#### Material for this exercise
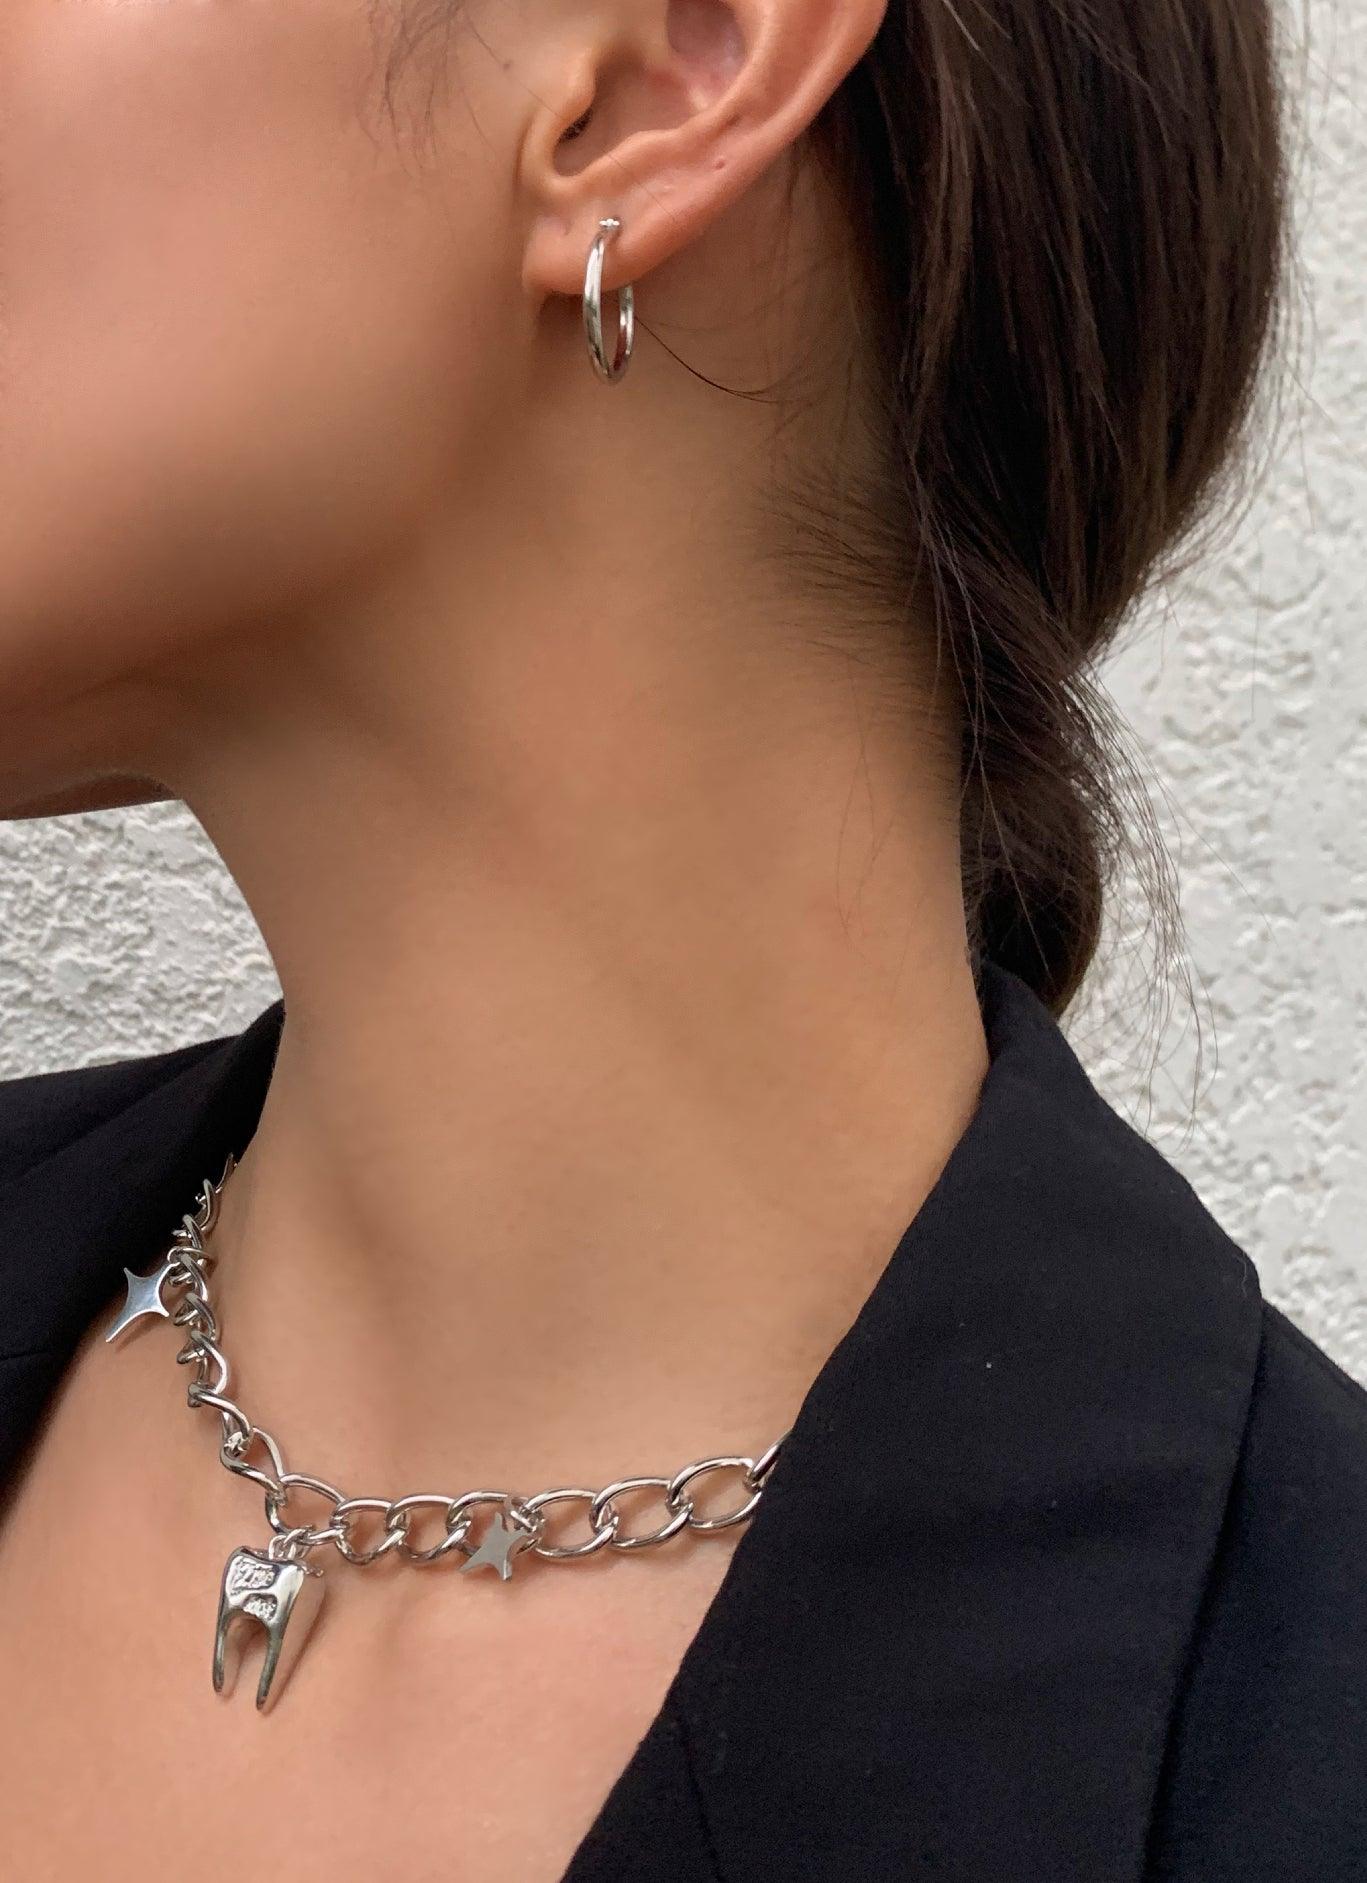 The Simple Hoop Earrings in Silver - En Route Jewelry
########
#### Material for this exercise
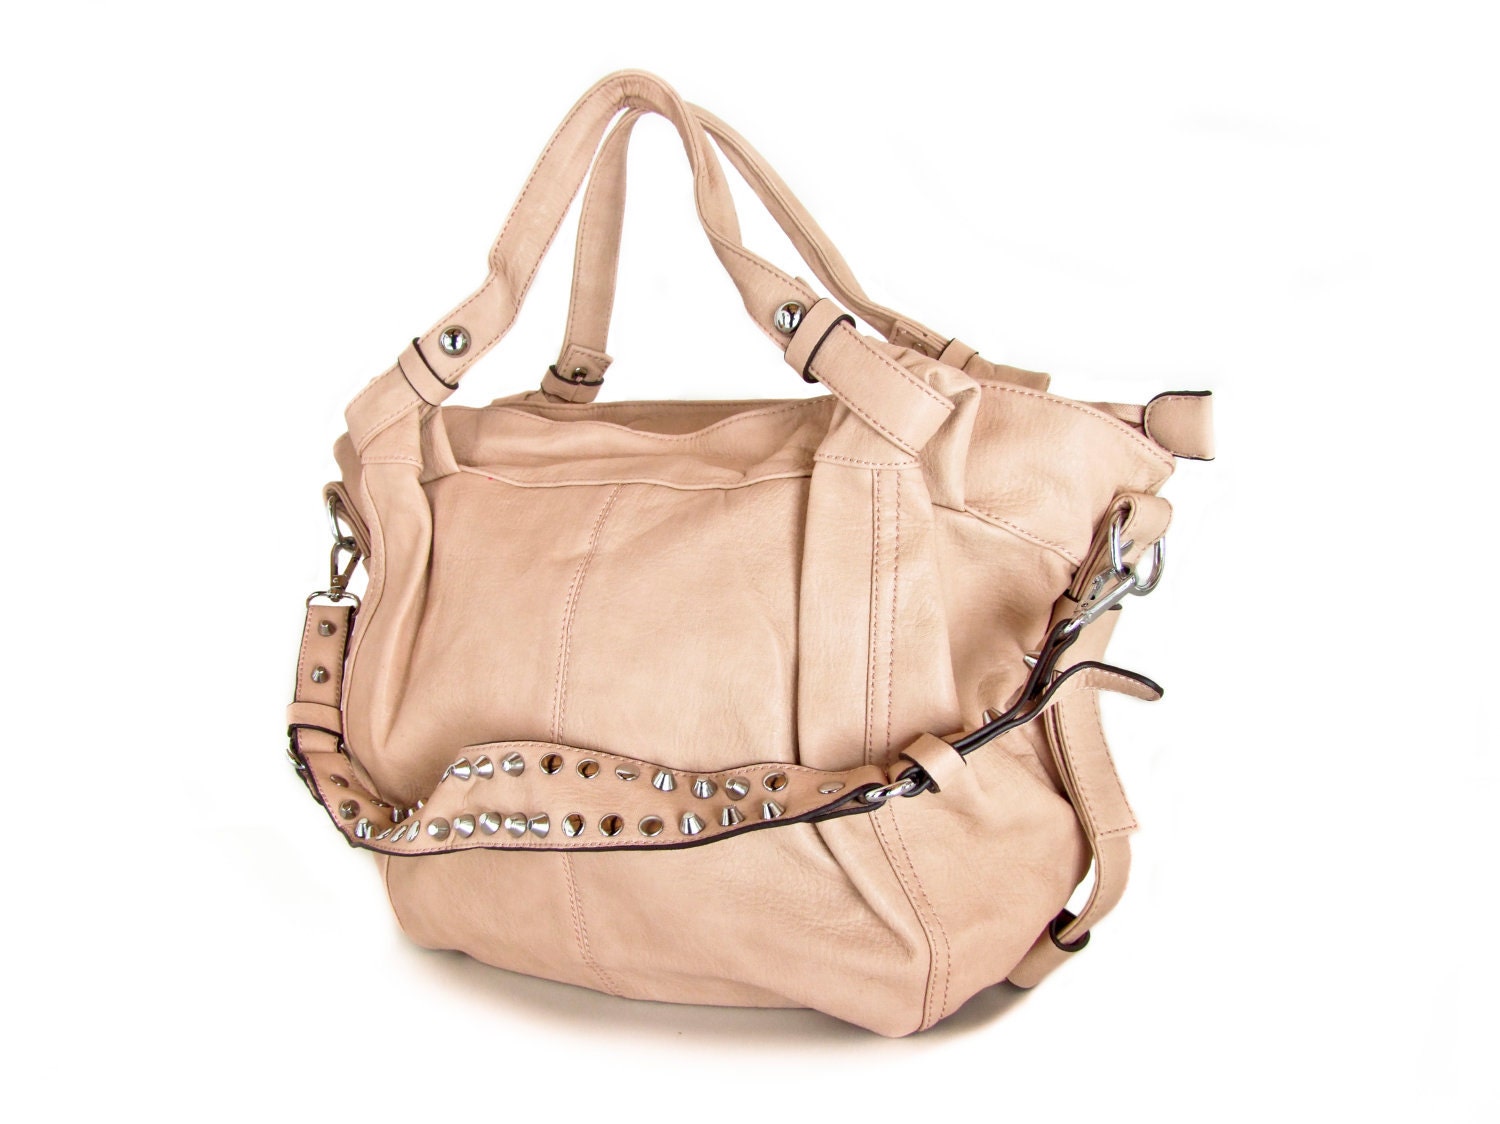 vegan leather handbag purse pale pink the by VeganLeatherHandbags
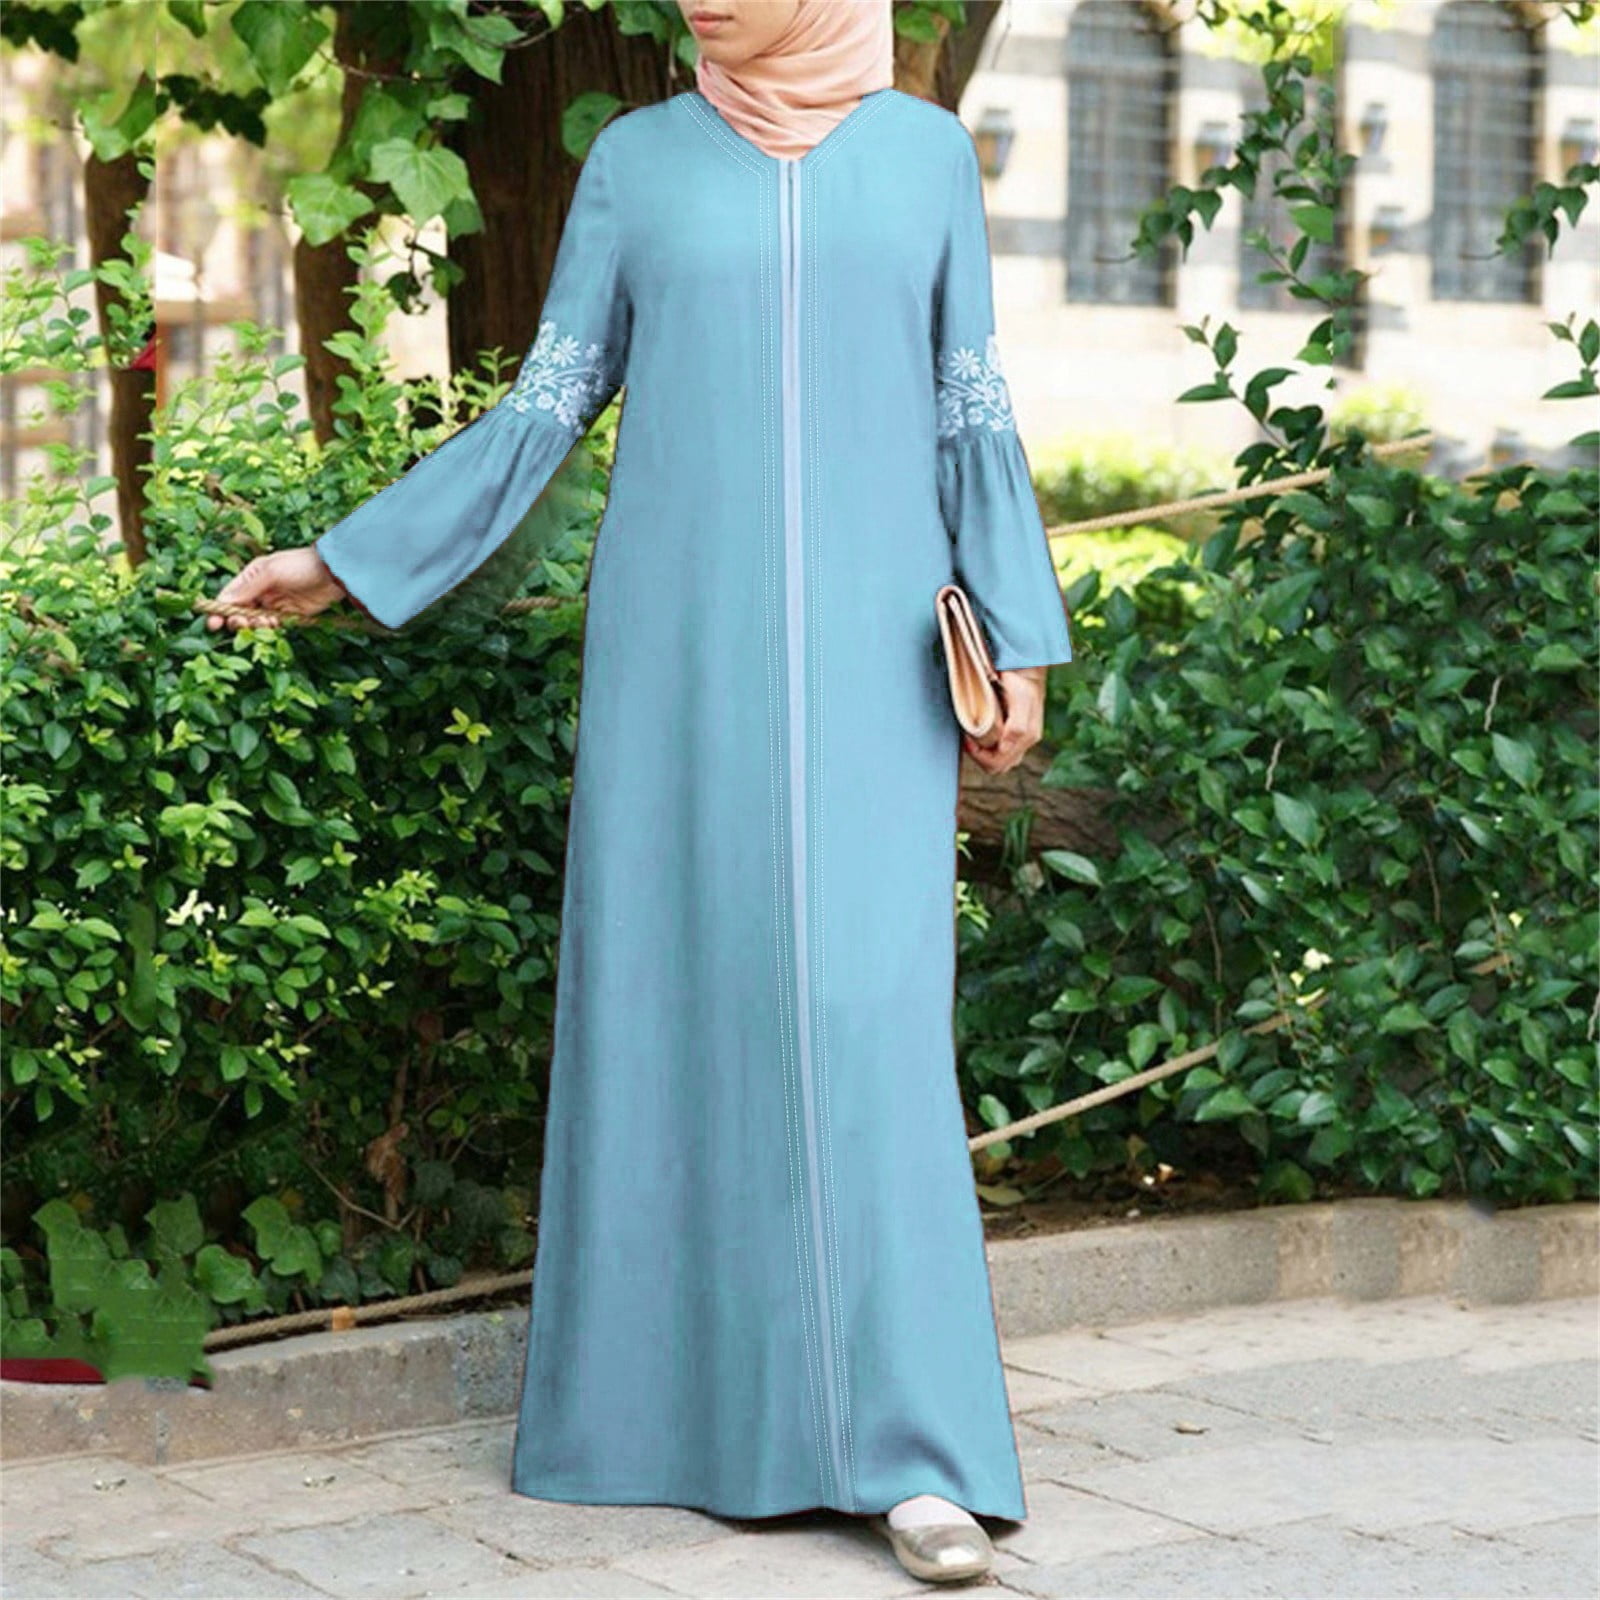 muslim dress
########
§ **Aim of the task**
Output exactly the lines above that lie between the line with "vegan leather handbag" and the line with "muslim dress", those two lines included, and no pictures.

§ **Response to the task**
 vegan leather handbag purse pale pink the by VeganLeatherHandbags
 muslim dress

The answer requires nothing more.